The target return for the balanced default fund is CPI plus 3.5 per cent over a rolling five-year period, and over the last five years the fund has delivered 2 per cent growth. One-year performance is significantly better – at 6.7 per cent – while the 10-year performance is 5 per cent.

“I think we have fared reasonably well in the tough market,” says O’Connor. “It reflects our membership, but we have been more defensive in recent years – we used to be 70-per-cent growth and 30-percent defensive but now we are at 60:40. As we’ve done that we’ve gone into some different asset classes, diversifying into credit, for example.”

In the balanced portfolio, target allocations are 24 per cent for Australian equities, 18 per cent international equities while – reflecting the more defensive nature of the fund – 28 per cent is in fixed interest and 10 per cent in property.

“We try and explain to people that there are other options in the fund and they can mix and match if they want to, but in reality there is very little uptake – some members like to be more engaged but the majority of our members take the view that its our job to look after their money, so they like to put it right back on us,” explains O’Connor.

Accountability and motivation

This theme of accountability is one reason behind First Super’s wariness of further mergers.

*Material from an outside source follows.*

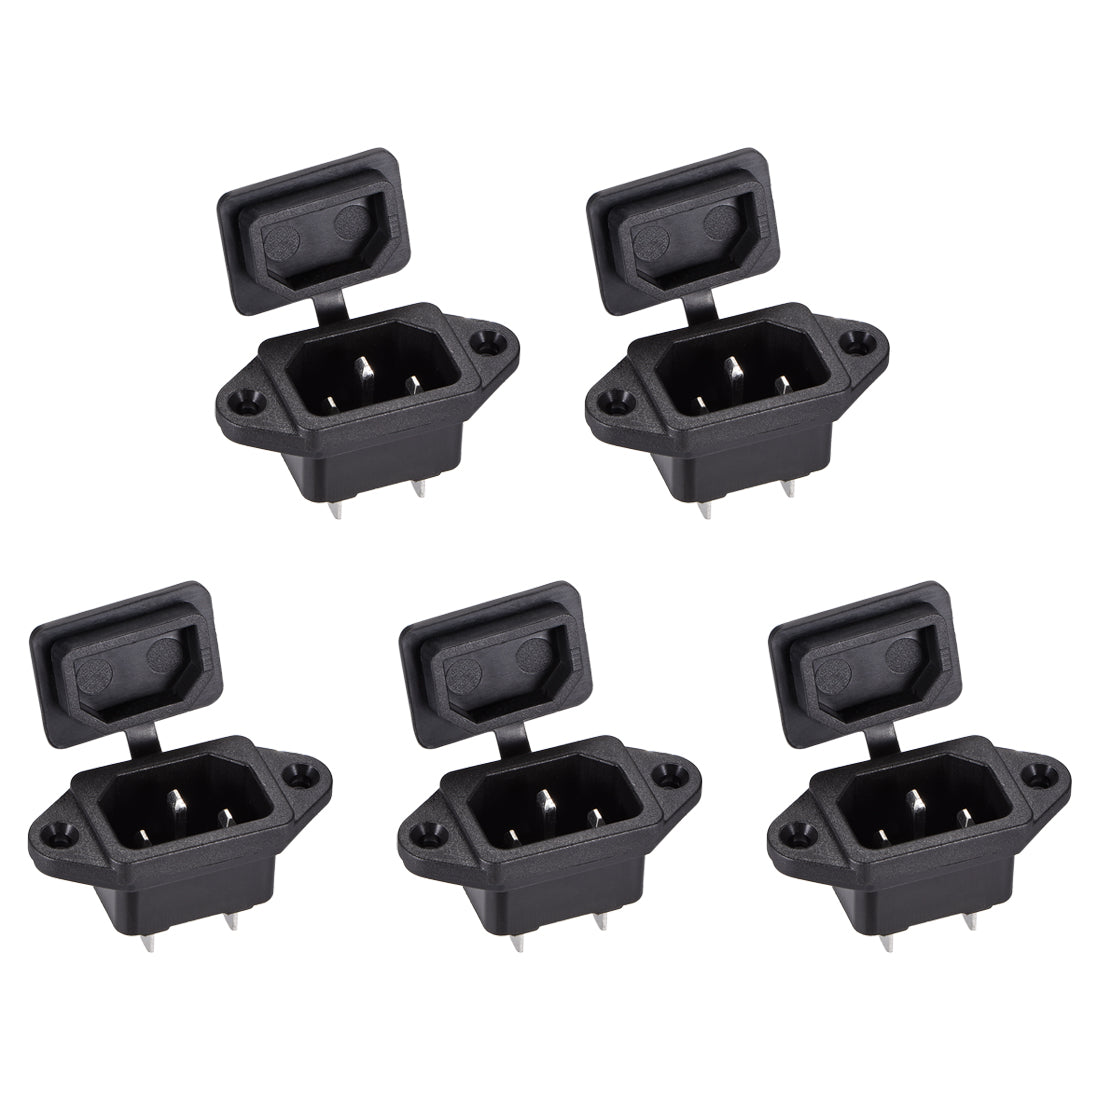 uxcell Uxcell C14 Panel Mount Plug Adapter AC 250V 10A 3 Pins IEC Inlet Module Plug Power Connector Socket with cover 5pcs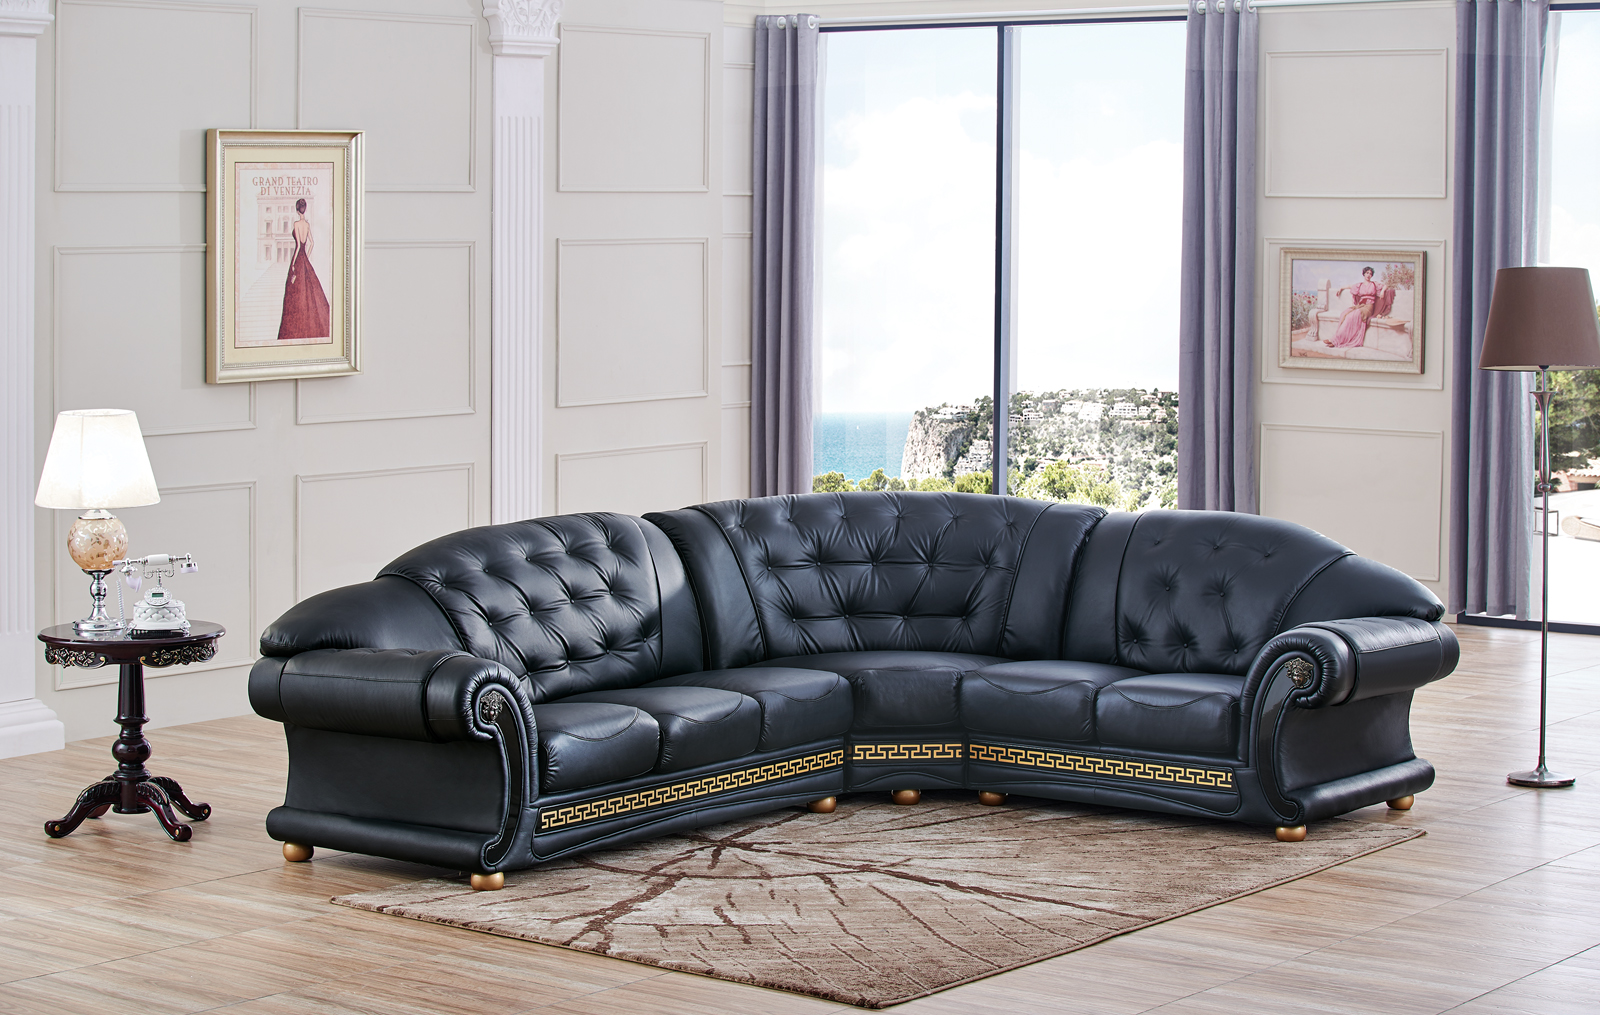 Black Sectional In A Living Room

Both O’Connor and Stewart take the view that the 2008 merger brought together complimentary industry groups and delivered a fund which was small enough to be connected to its membership, and big enough to gain some modest economies of scale.

“You’d never say never about another merger because it’s all about the members’ interests, but we think we’ve got it pretty much right at the moment,” says O’Connor. “Our people are battlers. They were the ones out fighting the fires over Christmas and New Year. If that can’t motivate you as a trustee to do the right thing for their retirement savings, then nothing will.”